• AIM OF THE EXERCISE: Set down the whole listing below exactly. The pictures stay out.

• DATA:
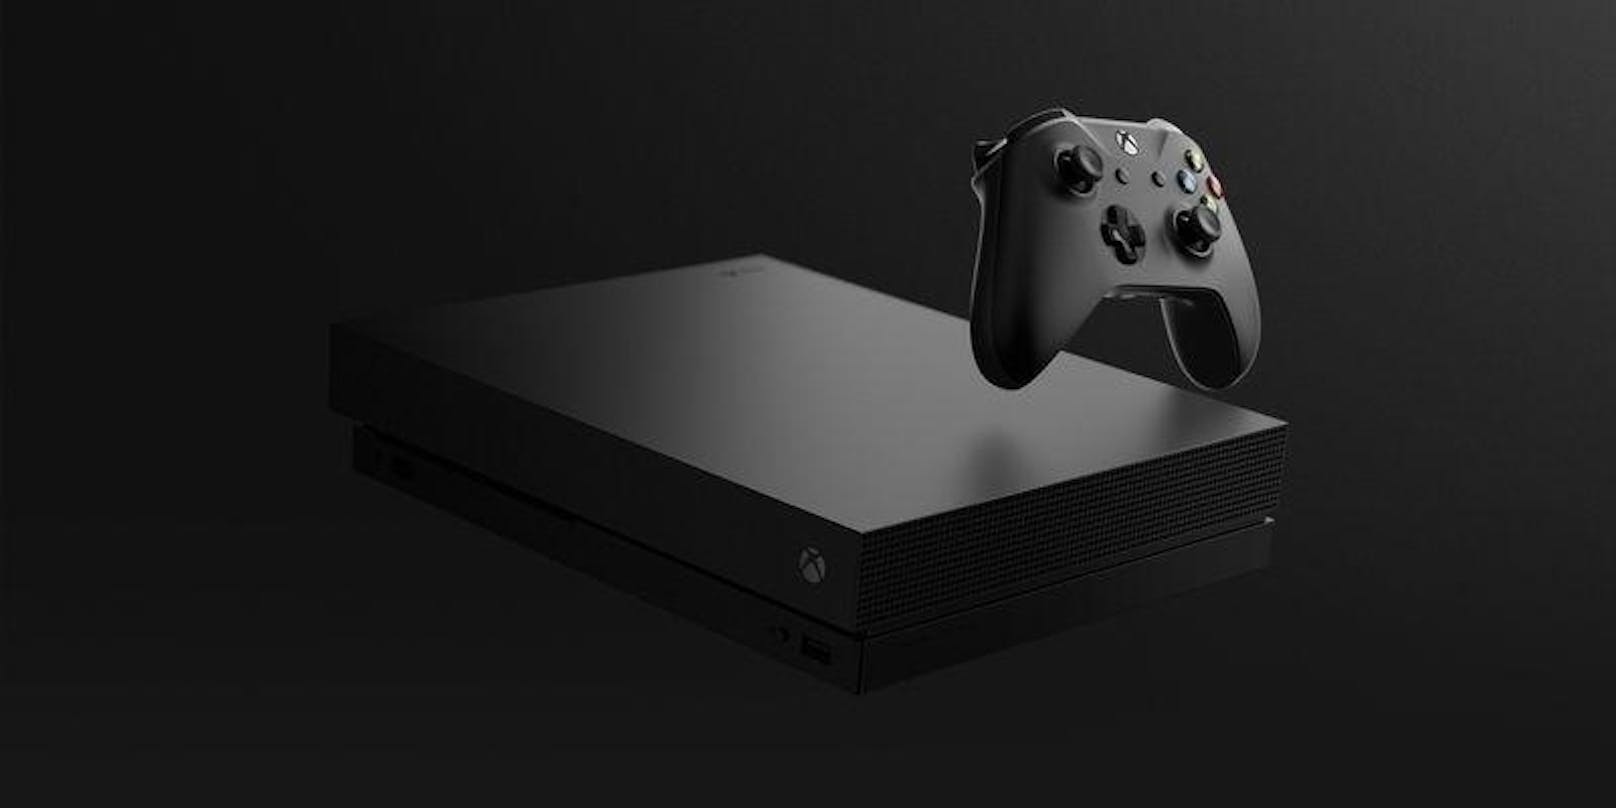 Die Xbox One X kann Spiele in 4K-Auflösung und in UltraHD / HDR abspielen, bleibt aber kompatibel zur kompletten Xbox-One-Produktfamilie.
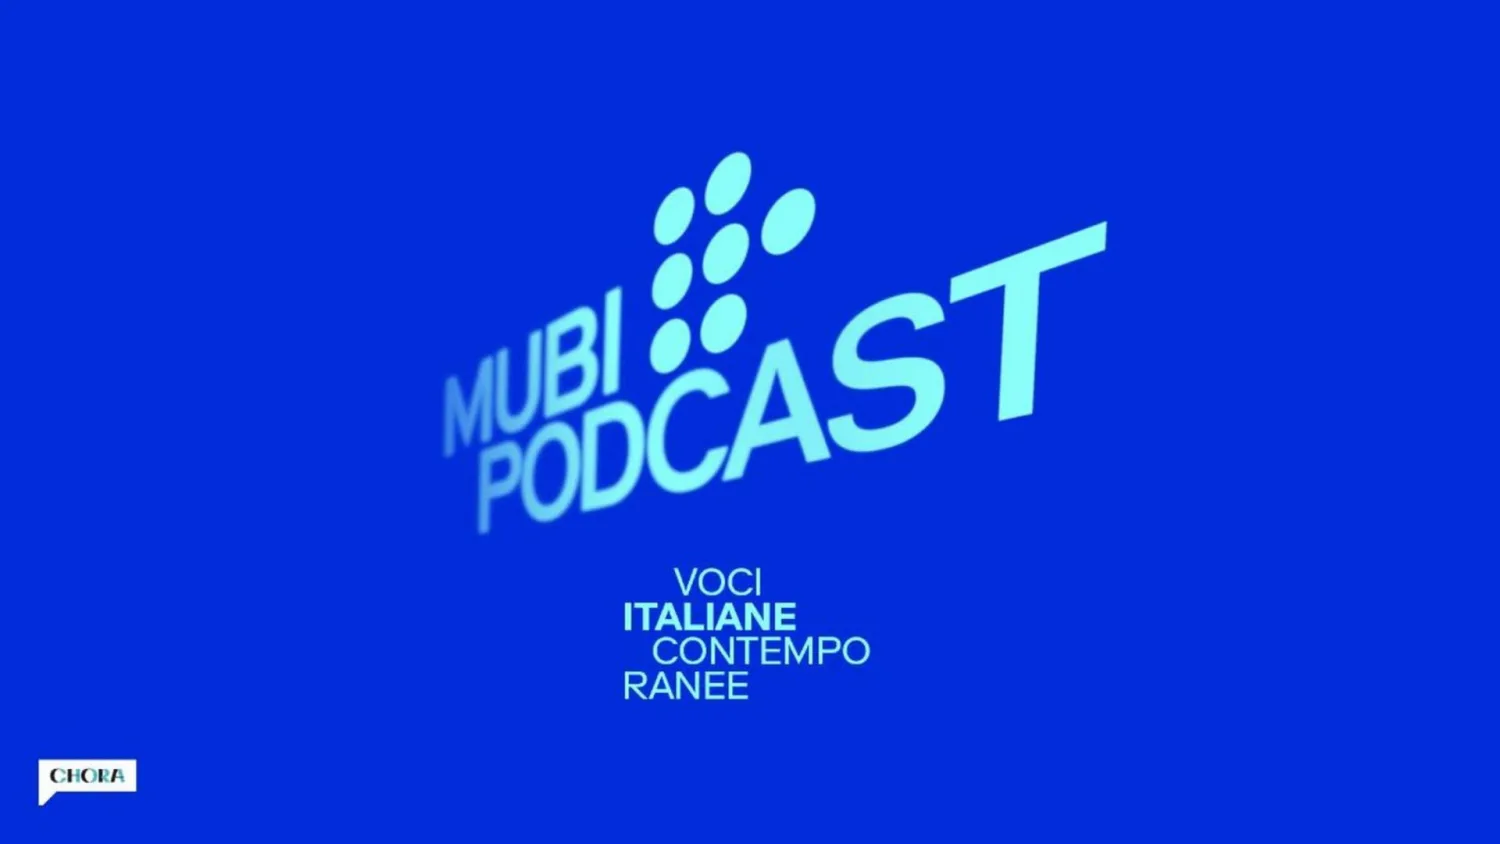 MUBI Podcast, “Voci italiane contemporanee” in collaborazione con Chora Media
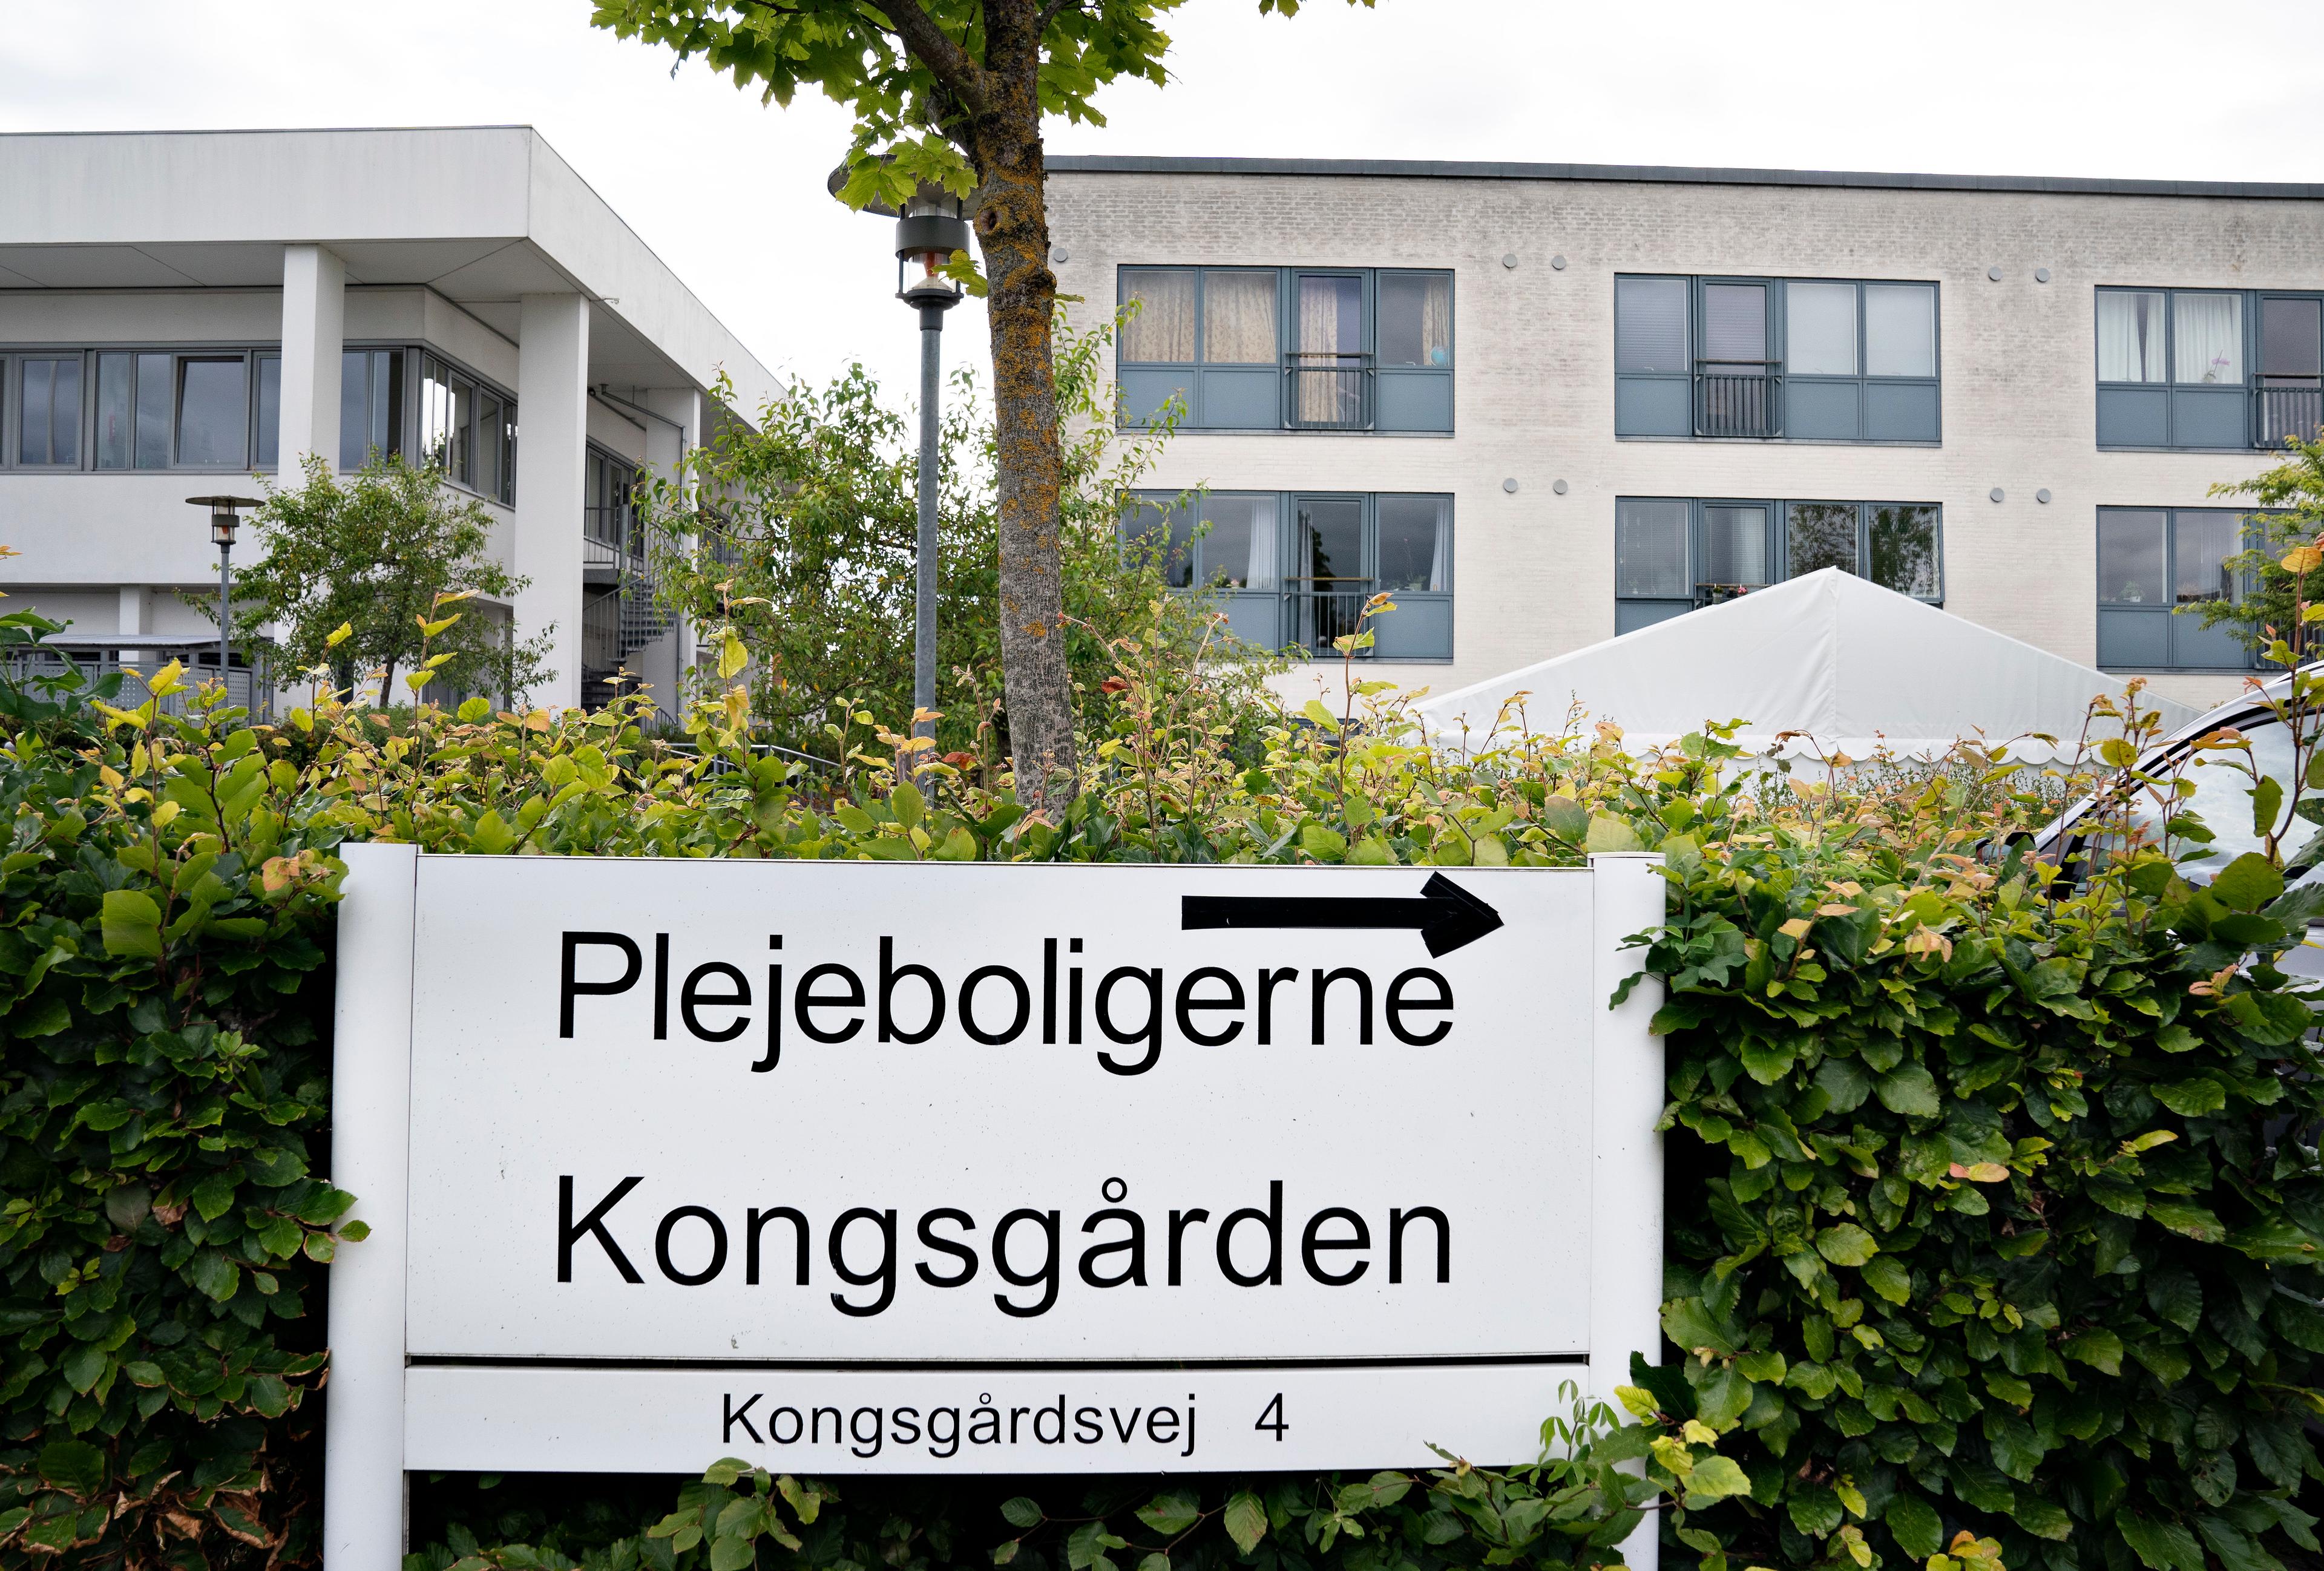 En dokumentar, optaget med skjult kamera, viste kritiske forhold på Plejecenter Kongsgården.

• SOLUTION TO THIS EXERCISE:
 Die Xbox One X kann Spiele in 4K-Auflösung und in UltraHD / HDR abspielen, bleibt aber kompatibel zur kompletten Xbox-One-Produktfamilie.
 MUBI Podcast, “Voci italiane contemporanee” in collaborazione con Chora Media
 En dokumentar, optaget med skjult kamera, viste kritiske forhold på Plejecenter Kongsgården.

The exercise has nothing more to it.